Yeah very much giving back, giving back for the treatment that I got and the care that I received, and anything I give in PPI is nothing to what I get back out of being part of it and that's being very honest. But certainly I just see it as being a partner with researchers and helping to improve treatments and quality of life for other patients coming out of this right from the initial bit of what's done in the lab, right through to what it means in changing services and treatment, and my part might be very small and that but I think you bring who you are to it – bring your experience of being a patient and that's unique round that table. Everyone us has been a patient or, or been a carer, and the experience we've had of the impact of cancer and treatment and diagnosis on our lives, has something to say around that table with researchers as partners. I don't become a researcher, I don't become a research doctor or a nurse, I don't become a scientist but I bring something unique to the research and that has been exciting for me.
David Z (a retired nursing lecturer) got involved for both altruistic and ‘selfish’ reasons after his stroke. It brings together his work experience and his love of volunteering to help others.
David Z (a retired nursing lecturer) got involved for both altruistic and ‘selfish’ reasons after his stroke. It brings together his work experience and his love of volunteering to help others.
So there was a sense of challenge and it was a real professional challenge, but that job that I did gave me immense job satisfaction. I got more job satisfaction from that role than any other job that I did. And so I benefited. There is an altruistic purpose, but there’s also selfish element. When I was in Ethiopia I had a religious conversion and so you might say that there’s also a religious element. Well the thing that motivates me is that I know from personal experience that research benefits practice. That practice can only be developed through trial and analysis of what works and what doesn’t work and so I can bring together my professional experience, my personal experience of caring for stroke and my enthusiasm for living, and I enjoy doing the role. I get an immense pleasure from it.

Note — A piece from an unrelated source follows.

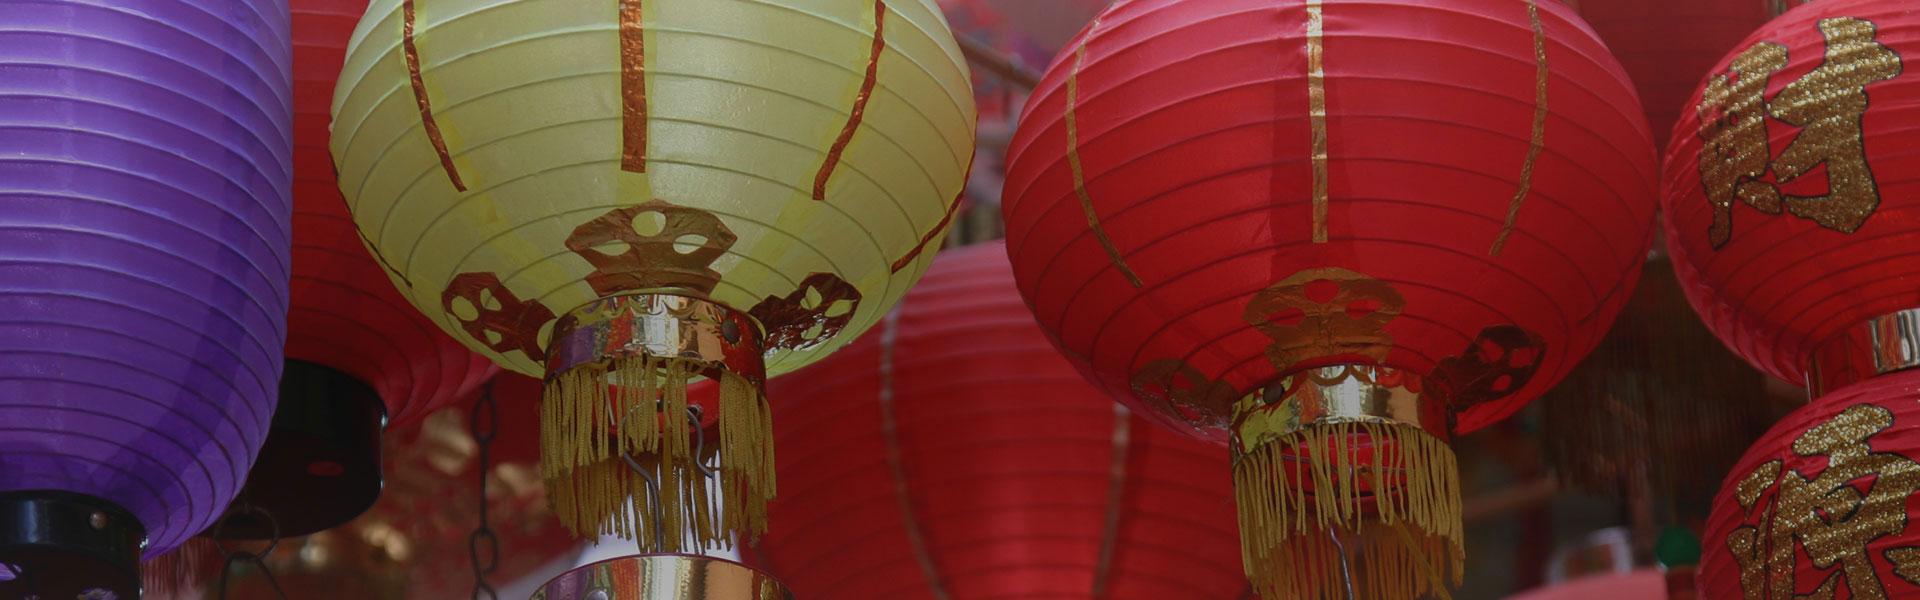 Chinese Lanterns at Stanley Market Hong Kong

As I say there is an altruistic part, but there’s a very selfish part as well, because I feel that I’m doing something and that I’m engaged in something that is benefiting others.
Is there anything you think I’ve missed that you thought you wanted to say this morning before I arrived?
I don’t think so. I think you’ve given me the opportunity to bring out all the areas that I considered in advance. I’m comfortably settled now I’m retired. I enjoyed my work throughout my professional life and I don’t want that experience that I had to be wasted, and the fact that I was unable on retirement to go back overseas with VSO, which had been my retirement plan, meant that I was looking for a new direction and I found it through stroke, but I have benefited as much as I hope I’ve contributed to improving the life and experience of other people. So for me, it really completes the circle and I’m able to draw on life experiences, professional experiences and I’ve got the time to do it.
Ben is from a medical family but it wasn’t till he got involved in research by chance that he realised how much he’d enjoy being able to help.
Ben is from a medical family but it wasn’t till he got involved in research by chance that he realised how much he’d enjoy being able to help.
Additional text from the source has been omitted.